25 pages, 5834 KiB  
Article
Immunotherapy Applications for Thymine Dimers and WT1 Antigen in Renal Cancers: A Comparative Statistical Analysis
by Silviu Constantin Latcu, Razvan Bardan, Alin Adrian Cumpanas, Vlad Barbos, Flavia Baderca, Pusa Nela Gaje, Raluca Amalia Ceausu, Serban Comsa, Cristina-Stefania Dumitru, Raluca Dumache, Talida Georgiana Cut, Voichita Elena Lazureanu and Ligia Petrica
J. Pers. Med. 2024, 14(6), 557; https://doi.org/10.3390/jpm14060557 - 23 May 2024
Viewed by 297
Abstract
Renal cell carcinoma (RCC) remains incurable in advanced stages. Biomarkers have proven to be quite useful in cancer therapeutics. Herein, we provide a comparative/integrative statistical analysis of seminal immunohistochemistry (IHC) findings for Wilms’ Tumor 1 antigen (WT1) and thymine dimers (TDs), emerging as [...] Read more.
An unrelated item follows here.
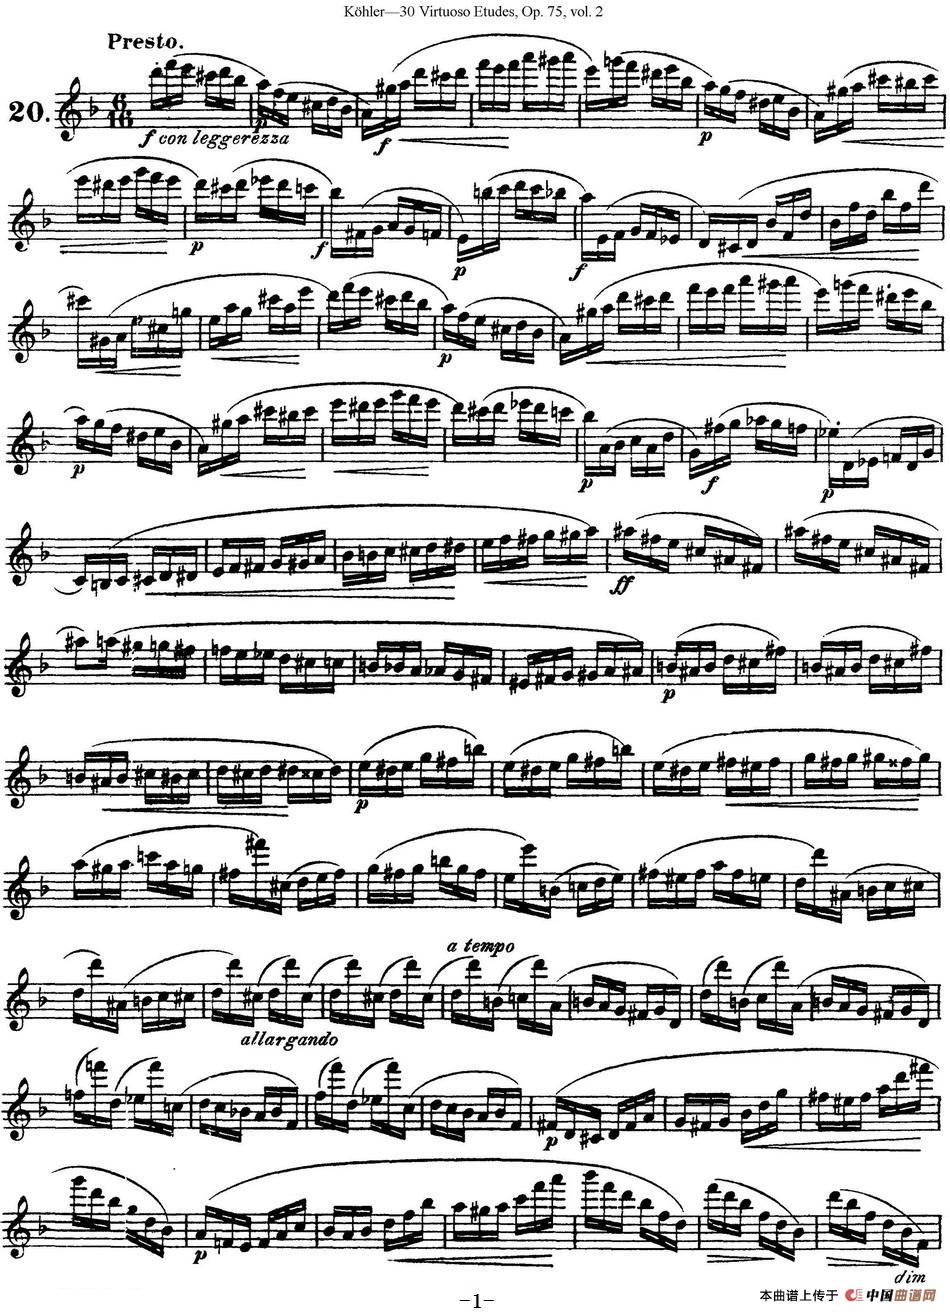 柯勒30首高级长笛练习曲作品75号（NO.20）

Renal cell carcinoma (RCC) remains incurable in advanced stages. Biomarkers have proven to be quite useful in cancer therapeutics. Herein, we provide a comparative/integrative statistical analysis of seminal immunohistochemistry (IHC) findings for Wilms’ Tumor 1 antigen (WT1) and thymine dimers (TDs), emerging as atypical, yet promising, potential biomarkers for RCCs. We assessed WT1/TD reactivity in adult RCC tumor cells, tumor microenvironment (TME), and tumor-adjacent healthy renal tissue (HRT). WT1 positivity was scarce and strictly nuclear in tumor cells, whereas TD-reactive tumor tissues were prevalent. We report statistically significant positive correlations between the density of reactive RCC cellularity and the intensity of nuclear staining for both biomarkers (WT1 − rho = 0.341, p-value = 0.036; TDs − rho = 0.379, p-value = 0.002). RCC stromal TME TD-positivity was much more frequent than WT1 reactivity, apparently proportional to that of the proper RCC cellularity and facilitated by extensive RCC inflammatory infiltration. TDs exhibited nuclear reactivity for most TME cell lines, while RCC TME WT1 expression was rare and inconsistent. In HRTs, TDs were entirely restricted to renal tubular cells, the likely cellular progenitor of most conventional RCC subtypes. In lieu of proper validation, these early findings have significant implications regarding the origins/biology of RCCs and may inform RCC therapeutics, both accounting for the high frequency of immunotherapy-permissive frameshift indels in RCCs, but also hinting at novel predictive clinical tools for WT1-targeted immunotherapy. Overall, the current study represents a meek yet hopefully significant step towards understanding the molecular biology and potential therapeutic targets of RCCs. Full article
(This article belongs to the Special Issue Urologic Oncology: Biomarkers and Targeted Therapies)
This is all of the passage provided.